Alors que le pas en avant significatif, Saunders et Jason Warrelmann, vice-président de la stratégie de soins de santé à UIPATH, prudent que l'agent AI est toujours considéré comme une intelligence artificielle. L'intelligence artificielle, qui permettrait aux machines de penser comme les humains, n'existe pas encore.

«Pour le moment, le mieux que nous puissions faire est de fournir un contexte afin que l'agent comprenne comment répondre. Il y a toujours un modèle grand linguistique derrière, donc l'IA agentique n'agit pas complètement seul», explique Warrelmann. «L'informatique requise pour cela est encore au-delà de nous.»

«Bien que les agents et le raisonnement soient des capacités puissantes, ils ne sont toujours pas à la hauteur de l'incroyable complexité de l'intelligence humaine», convient Saunders.

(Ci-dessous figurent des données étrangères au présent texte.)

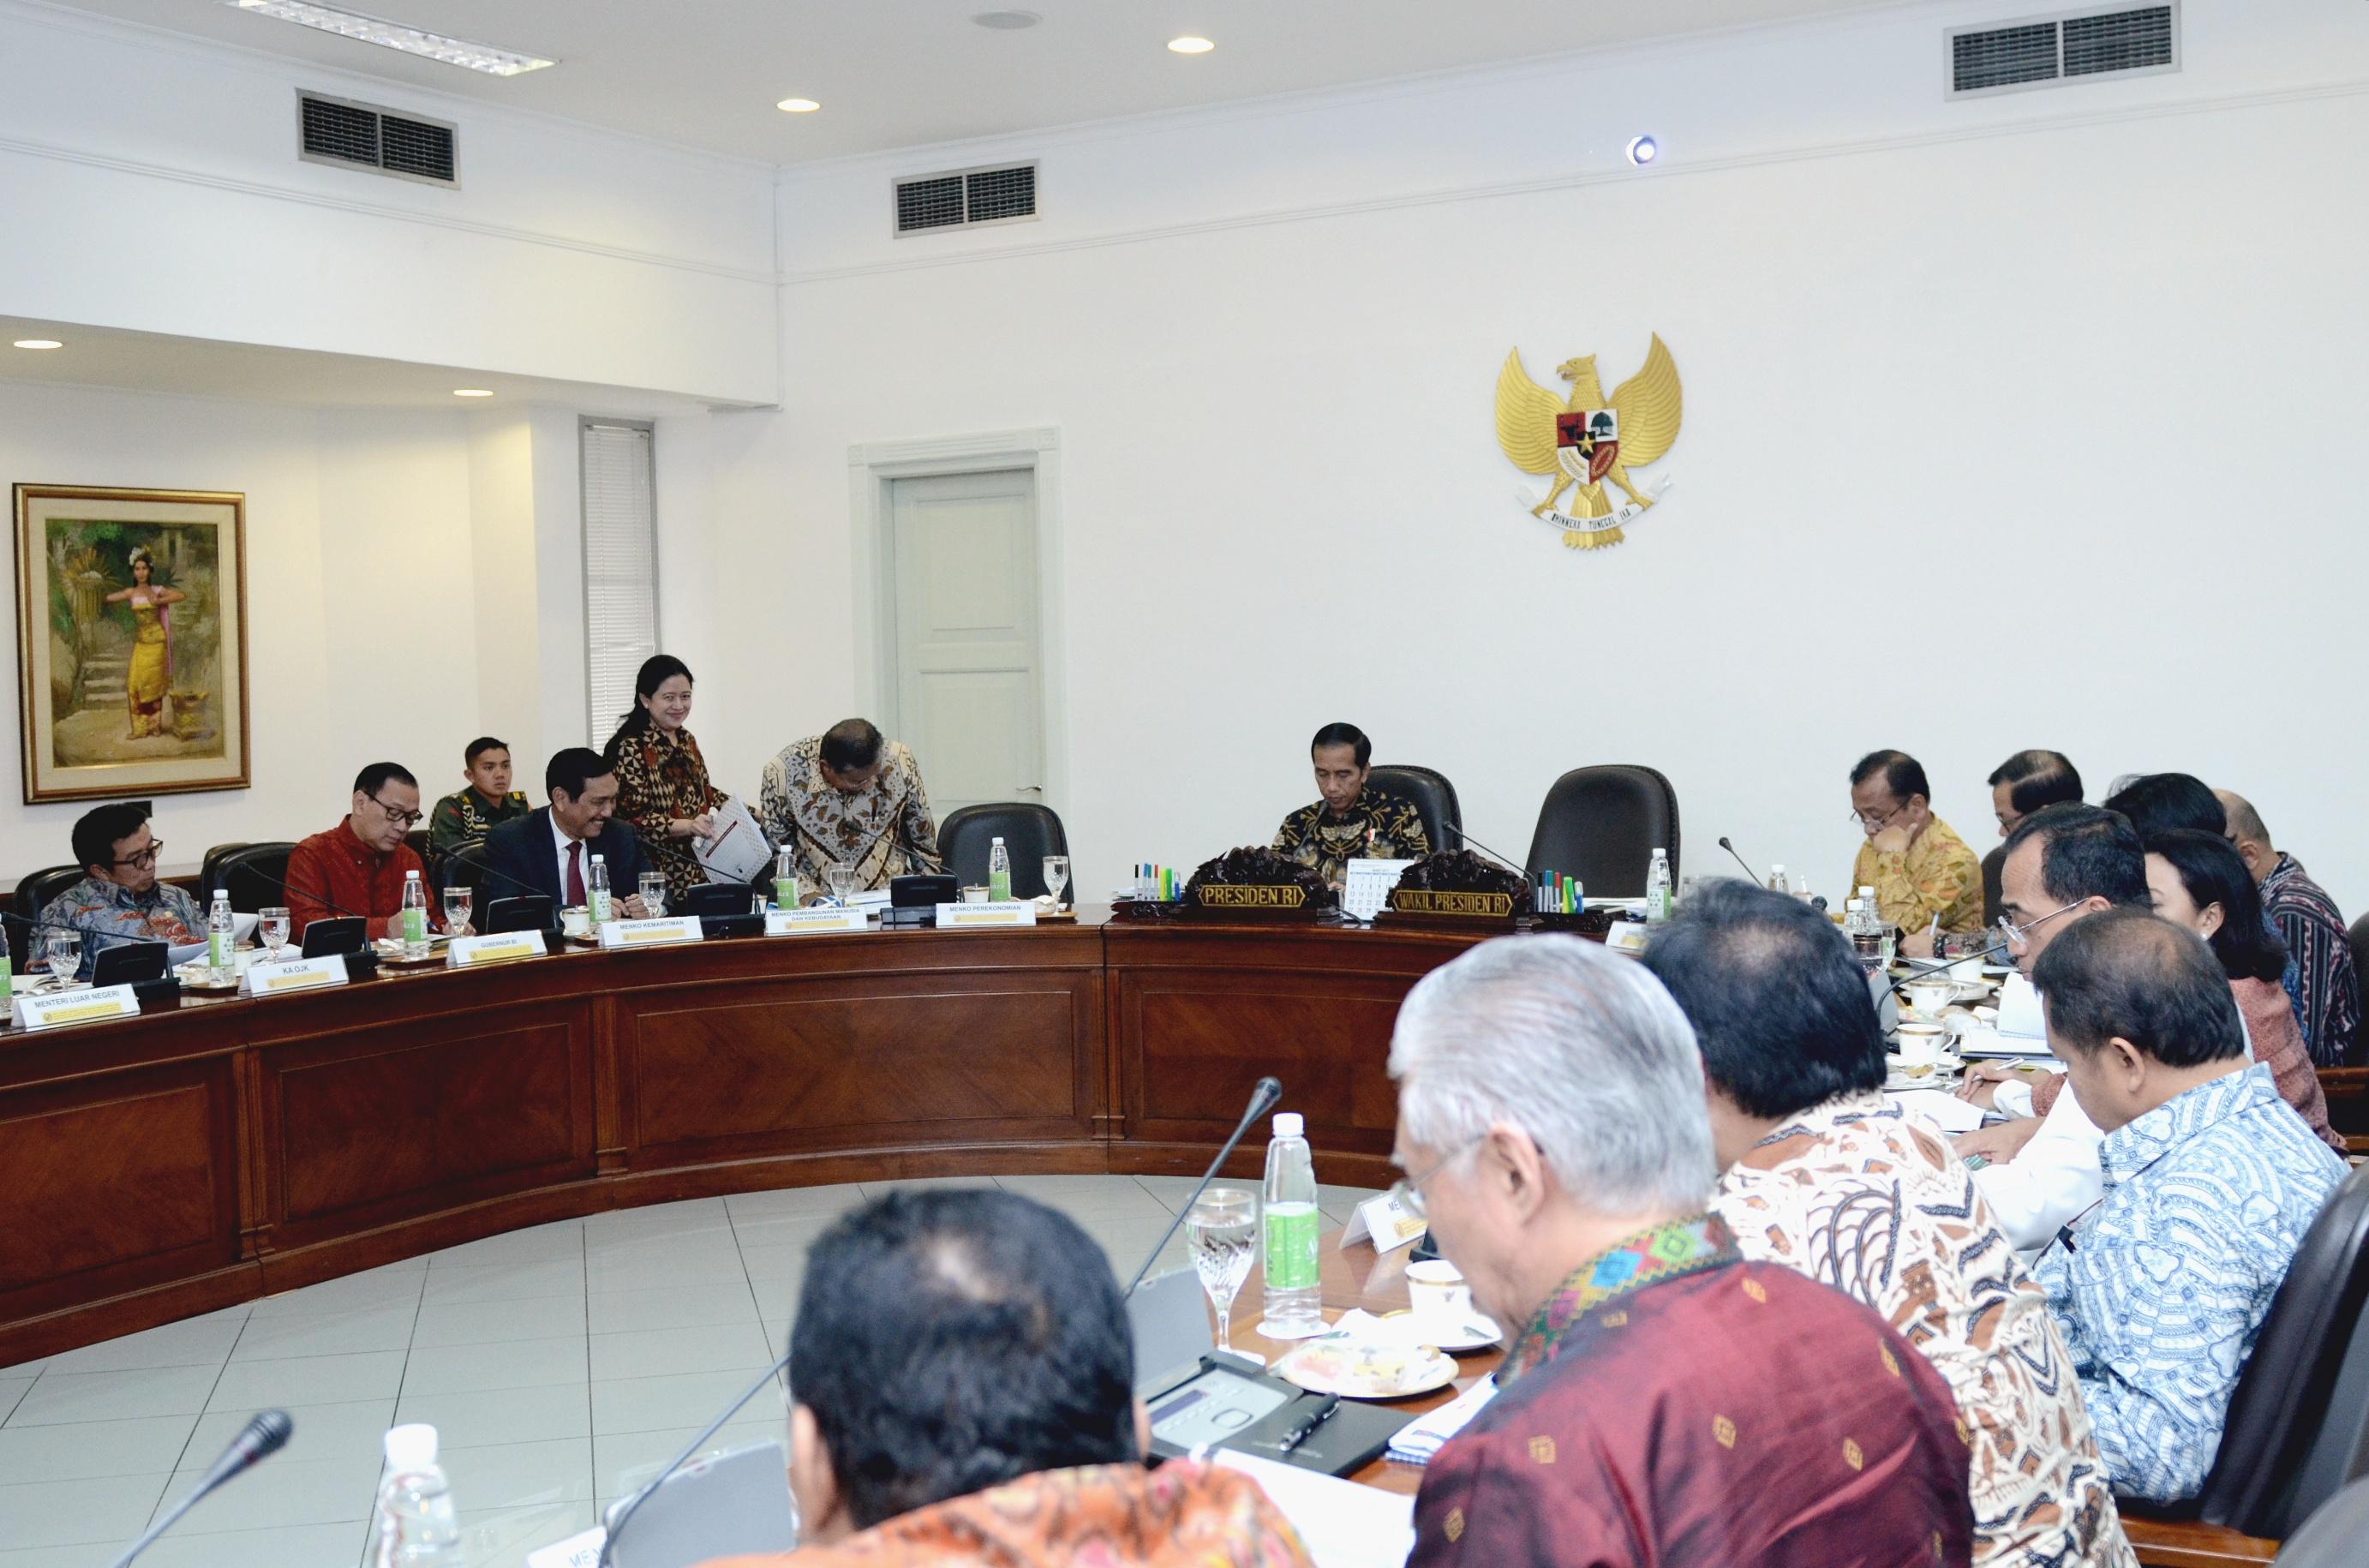 Presiden Jokowi memimpin rapat terbatas pertukaran sistem informasi keuangan, di Kantor Presiden, Jakarta, Rabu (22/2) sore. (Foto: Agung/Humas)

En quoi une IA agentique diffère-t-elle de l'IA générative?

Les applications d'IA génératives utilisent des données de modèles de grande langue pour élaborer des réponses. La qualité de la sortie repose en grande partie sur la spécificité et les conseils fournis par l'utilisateur, un processus connu sous le nom d'ingénierie rapide.

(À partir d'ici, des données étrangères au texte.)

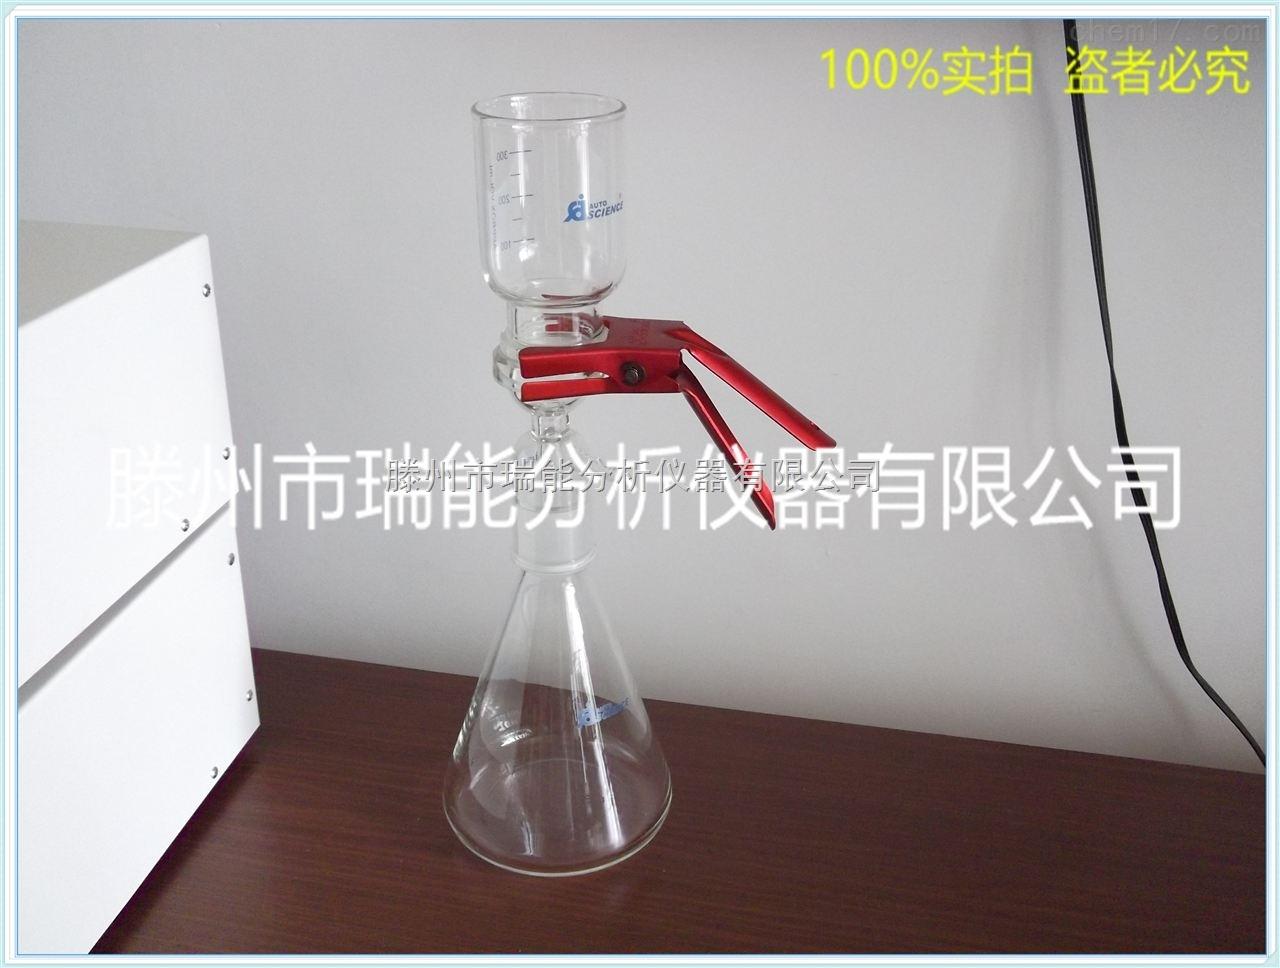 气相色谱仪溶剂过滤器 实验室砂芯过滤装置

L'IA agentique est plus proactive. Il peut extraire des informations de plusieurs sources, utiliser un raisonnement sophistiqué, puis terminer automatiquement la tâche suivante.

«L'IA agentique s'appuie sur une IA générative, en prenant des réponses simples avec la possibilité de considérer les options, de revenir en arrière et de refaire des étapes», explique Saunders. «Cela fonctionne beaucoup plus comme nous le faisons lorsque nous résolvons des problèmes et détermirons comment considérer les nouvelles informations.»

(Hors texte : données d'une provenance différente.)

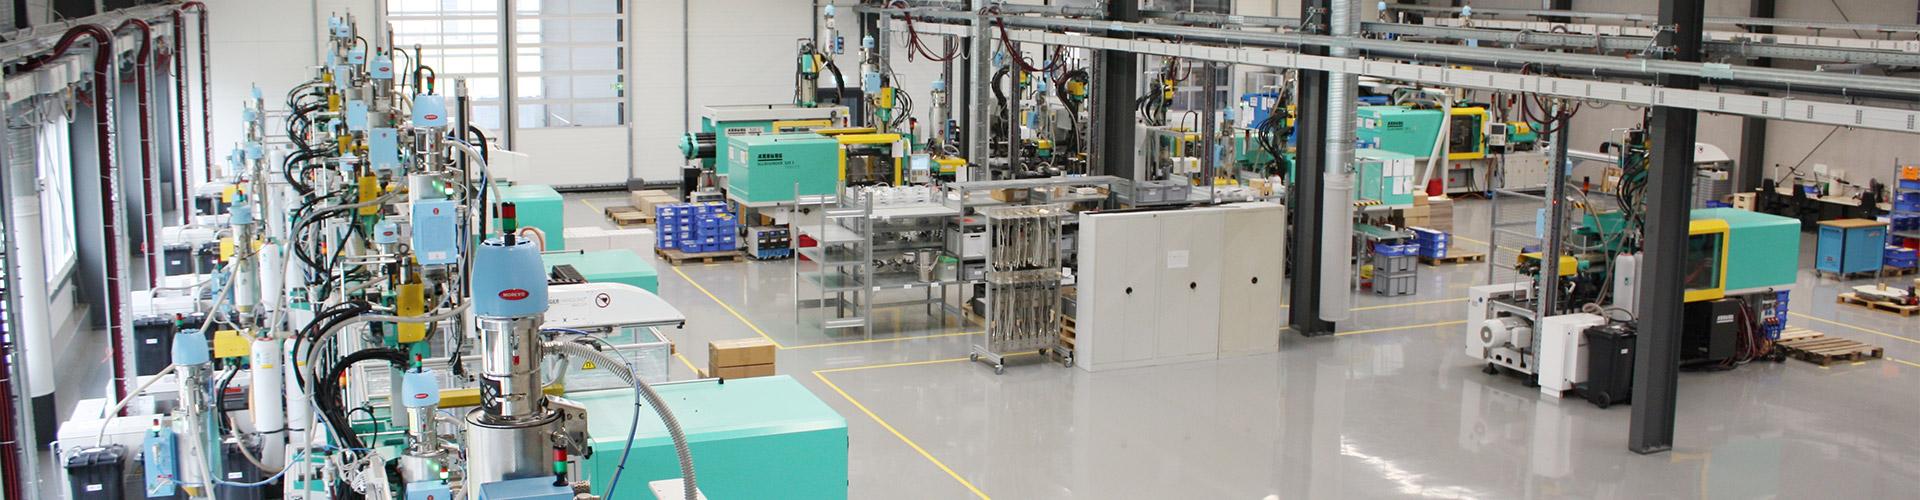 Maschinenhalle mit Spritzgussmaschinen

Dans les soins de santé, l'IA agentique et générative peut travailler ensemble pour augmenter l'efficacité et stimuler la productivité. Par exemple, après une intervention chirurgicale, l'IA générative peut utiliser le dossier du patient et les notes du chirurgien pour rédiger des instructions post-opératoires pour l'utilisation des médicaments, les limitations d'activité et les soins de suivi.

L'IA agentique peut ensuite partager les instructions générées, surveiller si le patient a accédé au document dans le portail du patient et envoyer des rappels de rendez-vous futurs. Si le patient signale un symptôme grave, l'agent d'IA de soins de santé pourrait alerter automatiquement une infirmière ou planifier une consultation virtuelle avec le fournisseur.